Use BED file as input. ‘-r’ is required:

$ cpat.py -x Human_Hexamer.tsv --antisense -d Human_logitModel.RData --top-orf=5 -g Human_test_coding_mRNA_hg19.bed -r hg19.fa -o output3

output files

  • output.ORF_seqs.fa: The top ORF sequences (at least 75 nucleotides long) in FASTA format.
  • output.ORF_prob.tsv: ORF information (strand, frame, start, end, size, Fickett TESTCODE score, Hexamer score) and coding probability)
  • output.ORF_prob.best.tsv: The information of the best ORF. This file is a subset of “output.ORF_prob.tsv”
  • output.no_ORF.txt: Sequence IDs or BED entries with no ORF found.
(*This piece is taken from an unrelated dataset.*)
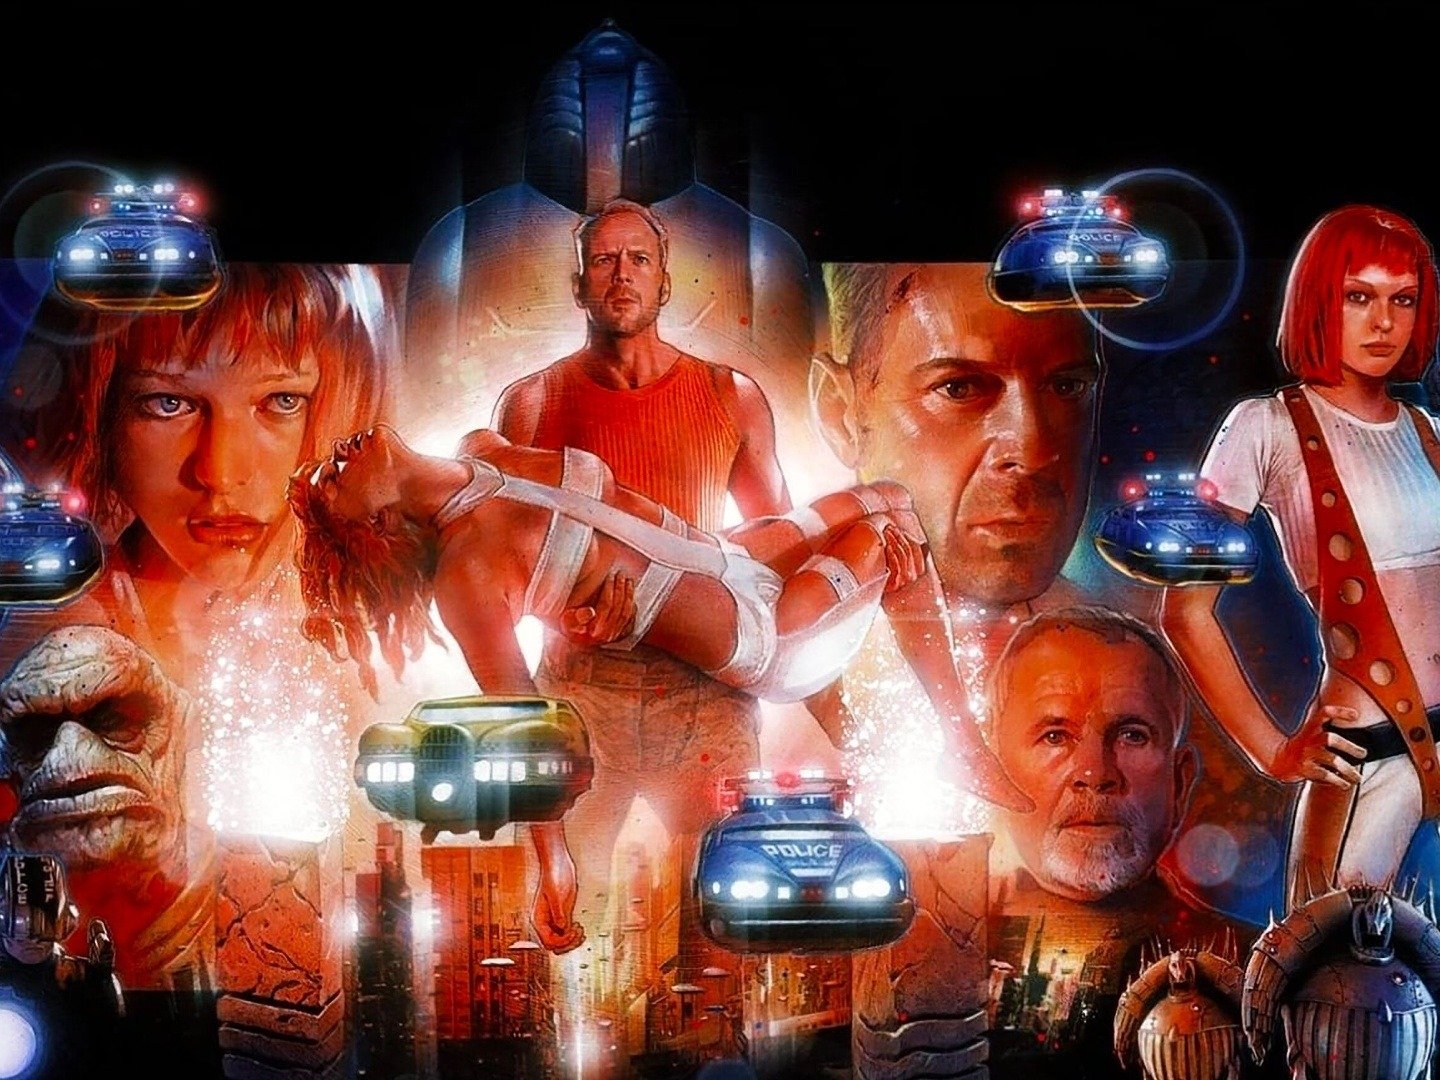 2. "The Fifth Element" (1997) - wide 4

Should be considered as non-coding.
  • output.r: Rscript file.
  • CPAT_run_info.log: log file

Build hexamer table

make_hexamer_tab.py calculates the in frame hexamer (6mer) frequency from CDS sequence in fasta format. The CDS is mRNA sequence that removes UTR. This table is required by CPAT to calculate the hexamer usage score. Users can download prebuilt hexamer tables (Human, Mouse, Fly, Zebrafish) from here

Options:
--version show program’s version number and exit
-h, --help show this help message and exit
-c CODING_FILE, --cod=CODING_FILE
 Coding sequence (must be CDS without UTR, i.e. from start coden to stop coden) in fasta format. User can get CDS sequence of a bed file using UCSC table browser
-n NONCODING_FILE, --noncod=NONCODING_FILE
 Noncoding sequences in fasta format

Example:

$ make_hexamer_tab.py -c Human_coding_transcripts_CDS.fa   -n Human_noncoding_transcripts_RNA.fa >Human_Hexamer.tsv

$ head Human_Hexamer.tsv

hexamer        coding  noncoding
GAACGT 0.000114999540425       6.20287252729e-05
CTTCTT 0.000280298143192       0.000464526231488
CACCCT 0.000254883880114       0.000337895737524
GAACGG 0.000178535198119       5.8077265737e-05
GAACGC 0.000136389878516       6.03746259323e-05
GAACGA 0.00015830968042        5.87205265917e-05
CACCCA 0.000258696019576       0.000448628498937
CTTCTA 0.000147508618612       0.000280645521457
CACCCC 0.000328479350276       0.000342582352322
...

Build Logit model

Build logistic regression model (“prefix.logit.RData”) required by CPAT. This program will output 3 files:

  • prefix.feature.xls: A table contains features calculated from training datasets (coding and noncoding gene lists).
  • prefix.logit.RData: logit model required by CPAT (if R was installed).
  • prefix.make_logitModel.r: R script to build the above logit model.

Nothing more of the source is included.